**What you should do**: After finding "Breitling Avenger A1337S - Image 3 of 3" in a line below, print that line and the rest of the lines exactly, leaving out all pictures.

**Collected material**:
★ ★ ★

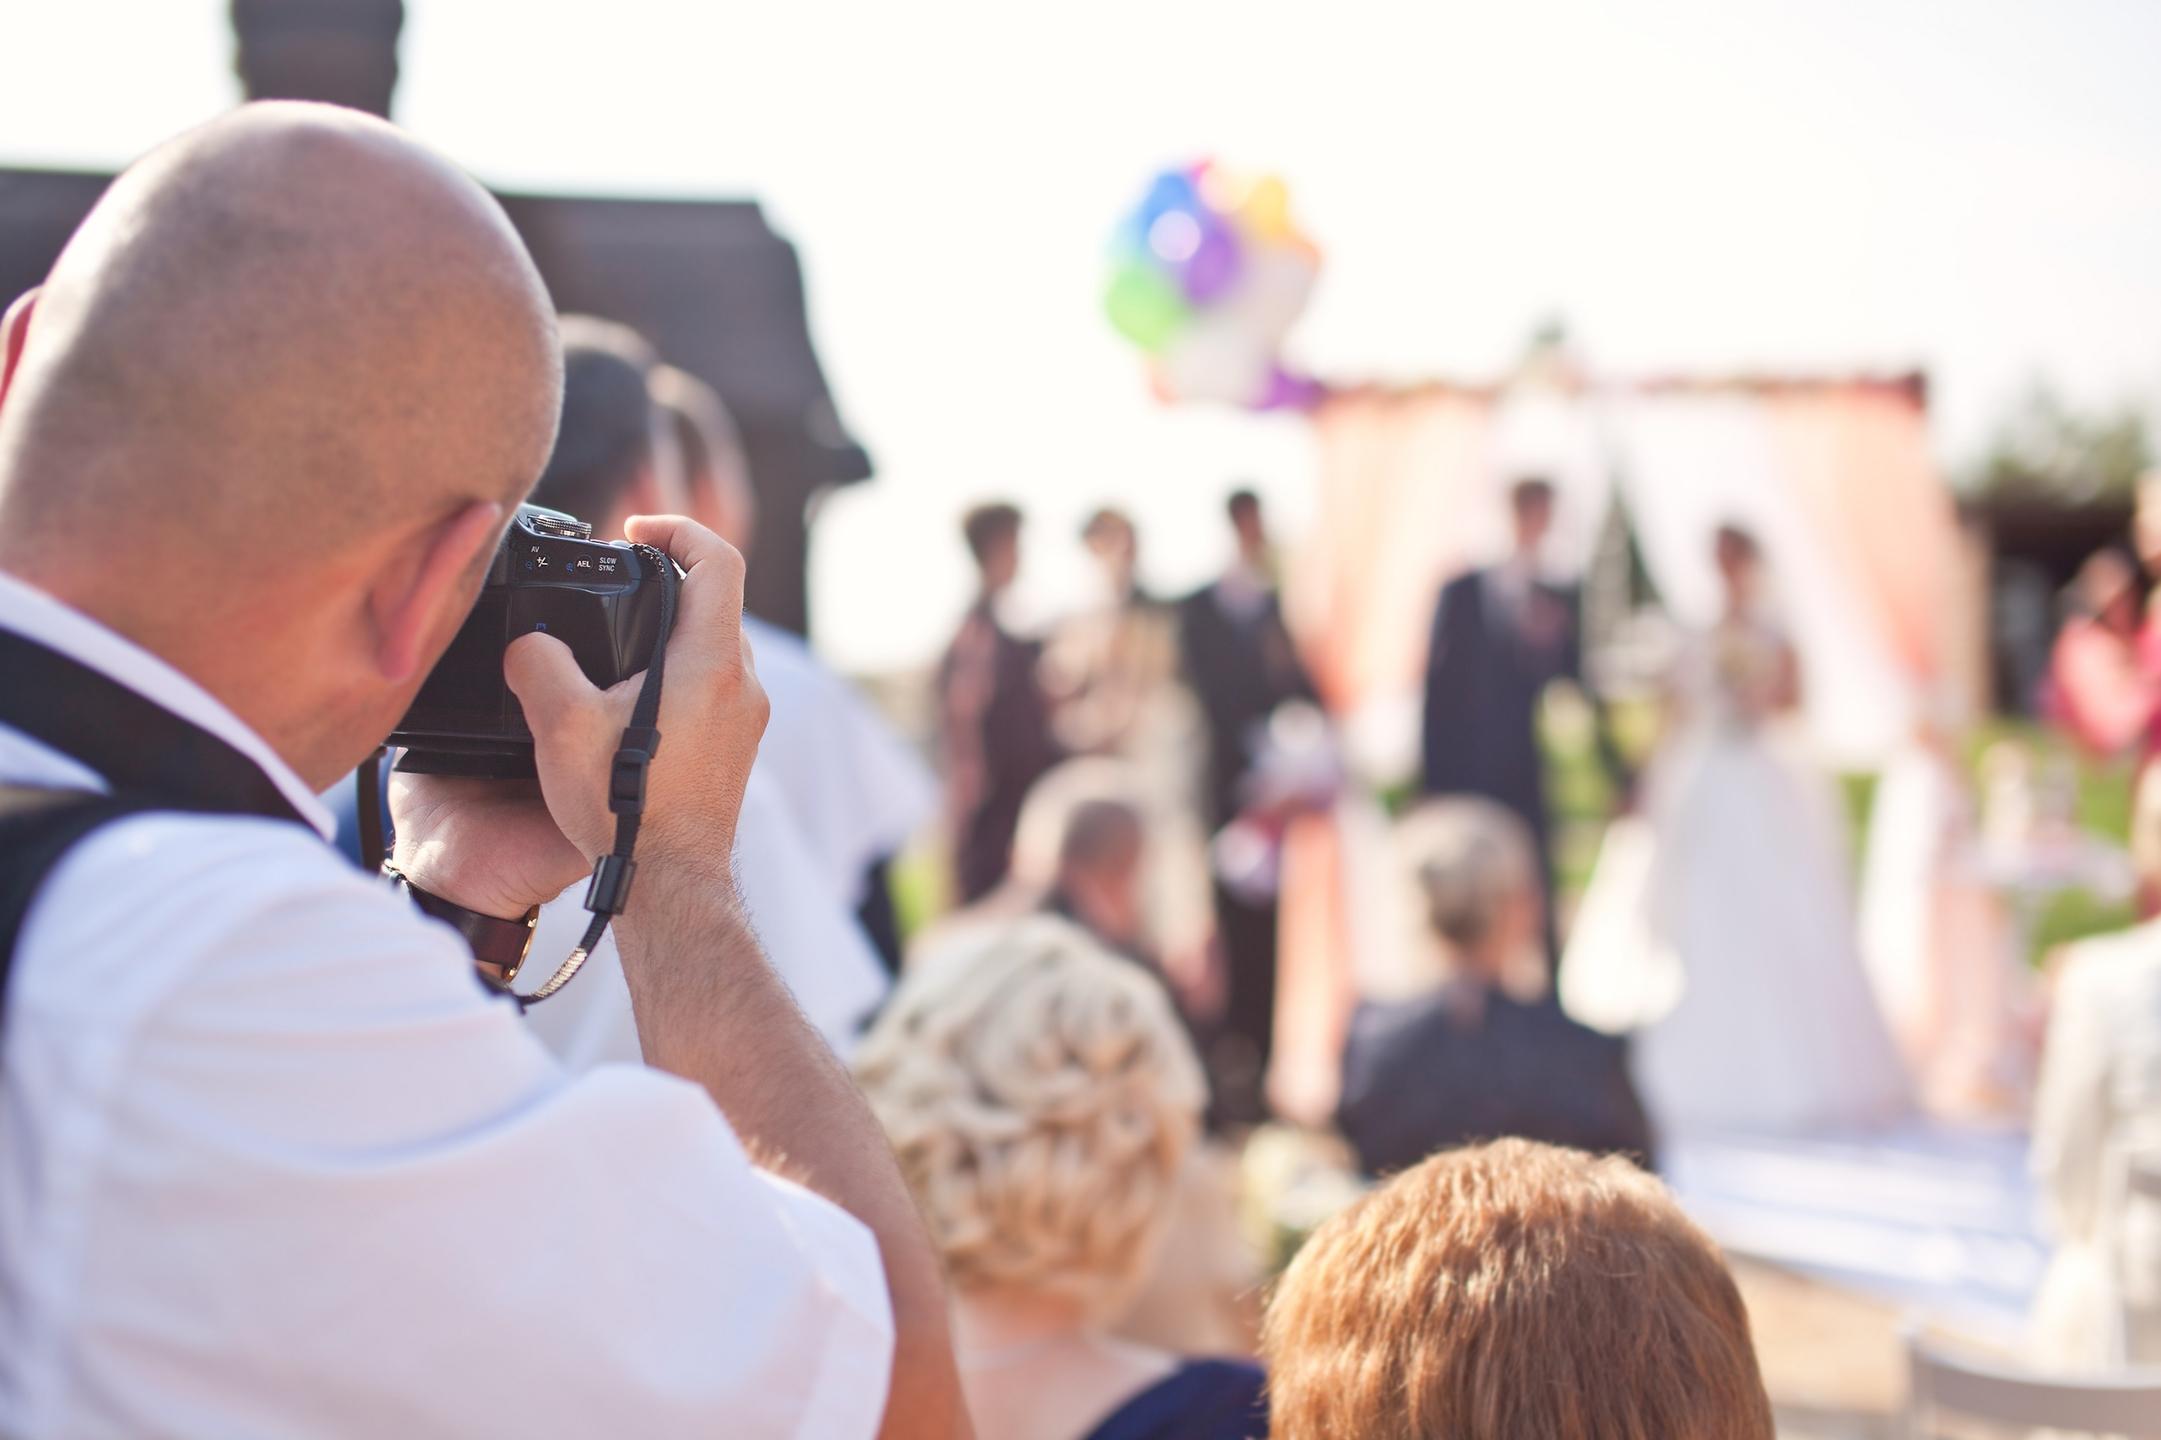 Hochzeitsfotograf (@hochzeits_fotograf) Cover Image
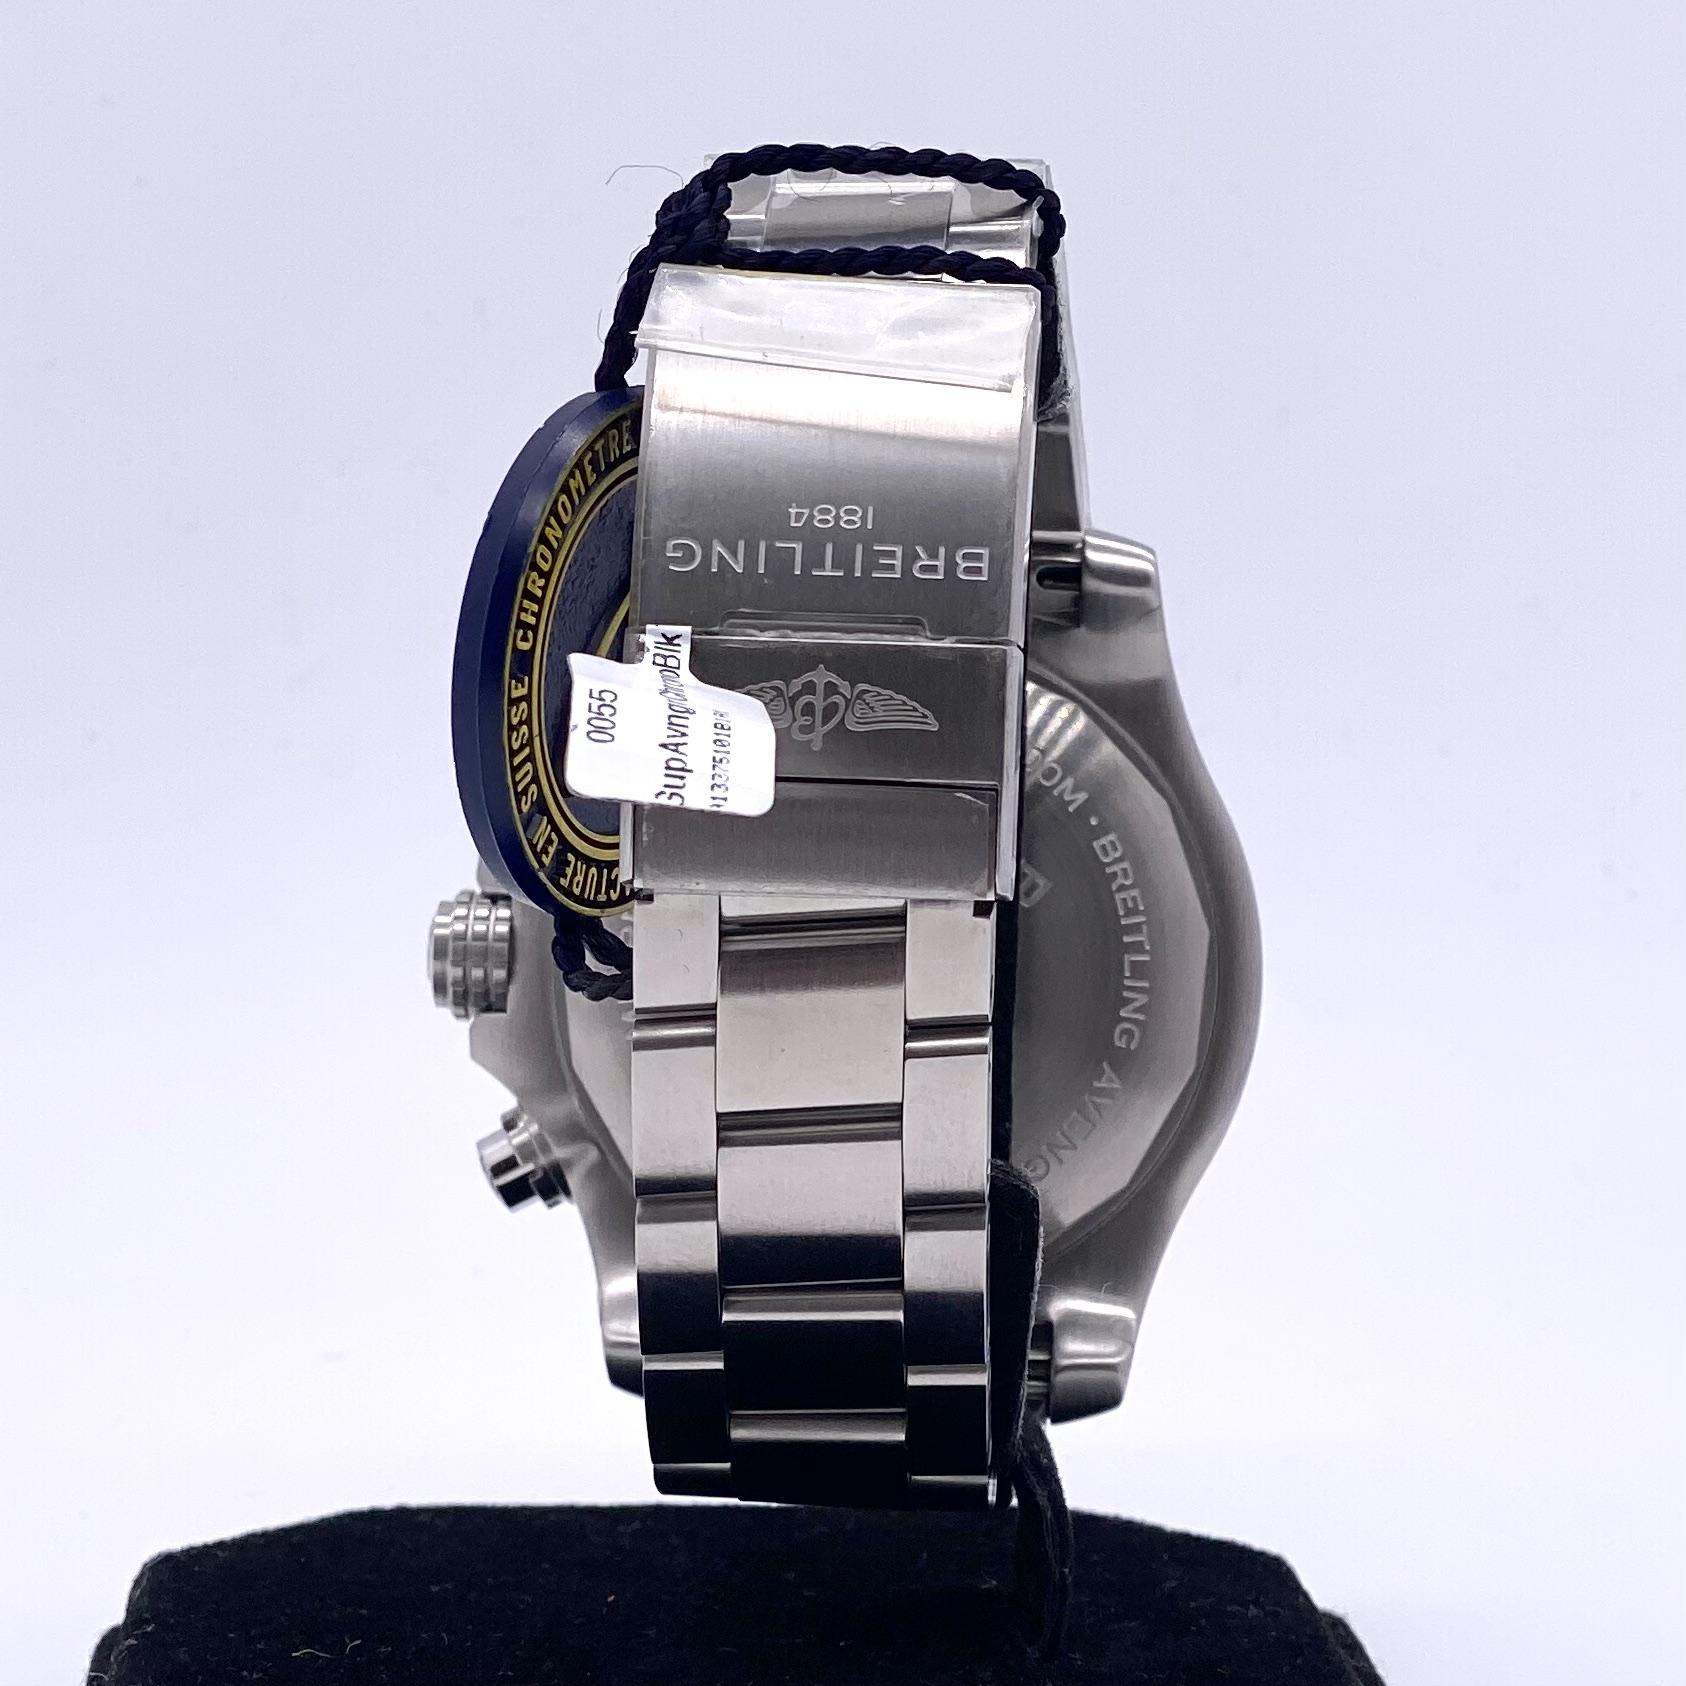 Breitling Avenger A1337S - Image 3 of 3
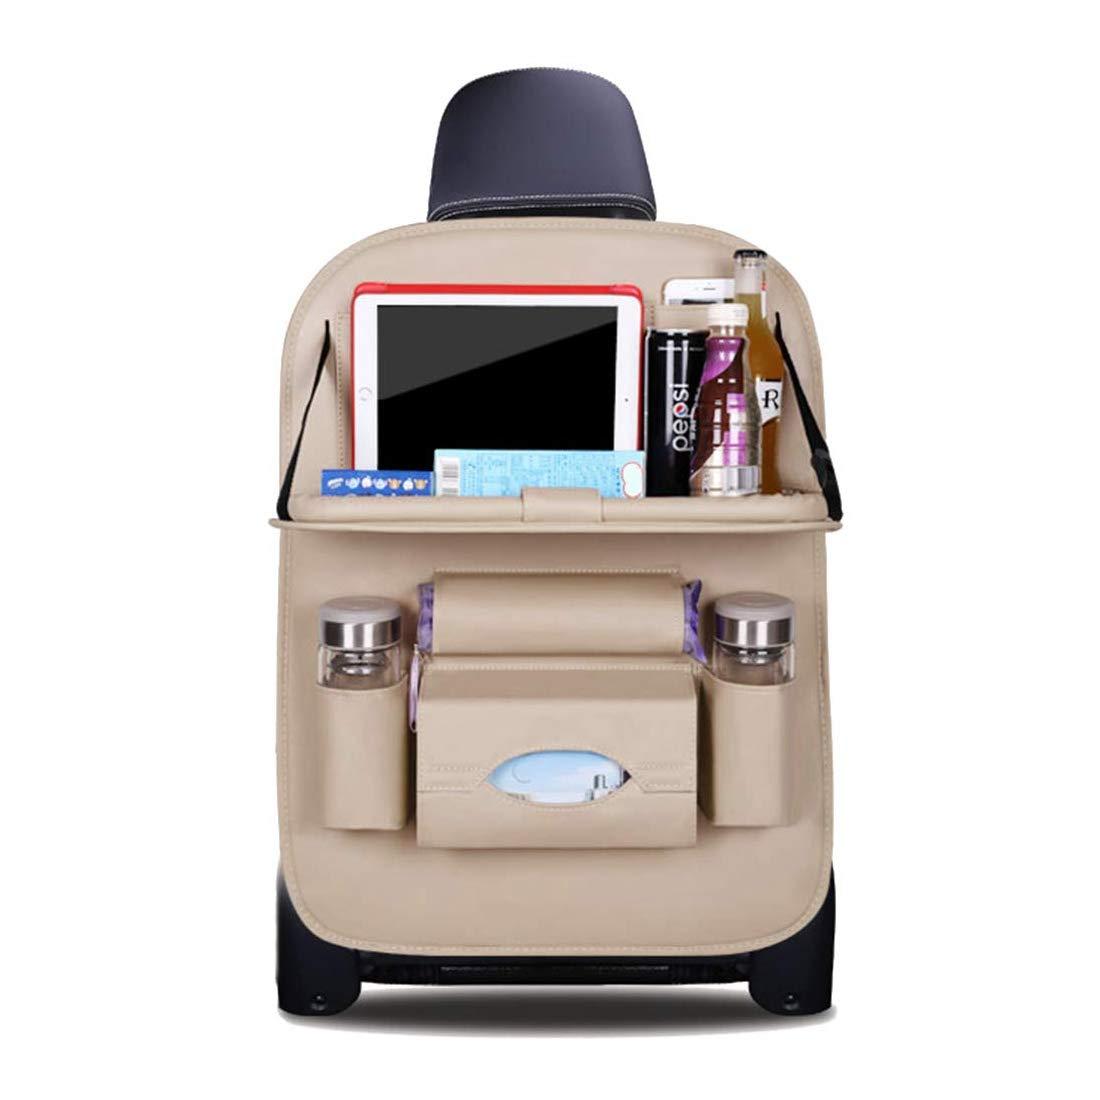 HONCENMAX Car Seat Back Organizer Foldable Dining Table Holder Tray Bottles Holder Multifunctional Protector Storage Bag Kick Mat Travel Accessory PU Leather Black

★ ★ ★

**Exercise result**:
 Breitling Avenger A1337S - Image 3 of 3
 HONCENMAX Car Seat Back Organizer Foldable Dining Table Holder Tray Bottles Holder Multifunctional Protector Storage Bag Kick Mat Travel Accessory PU Leather Black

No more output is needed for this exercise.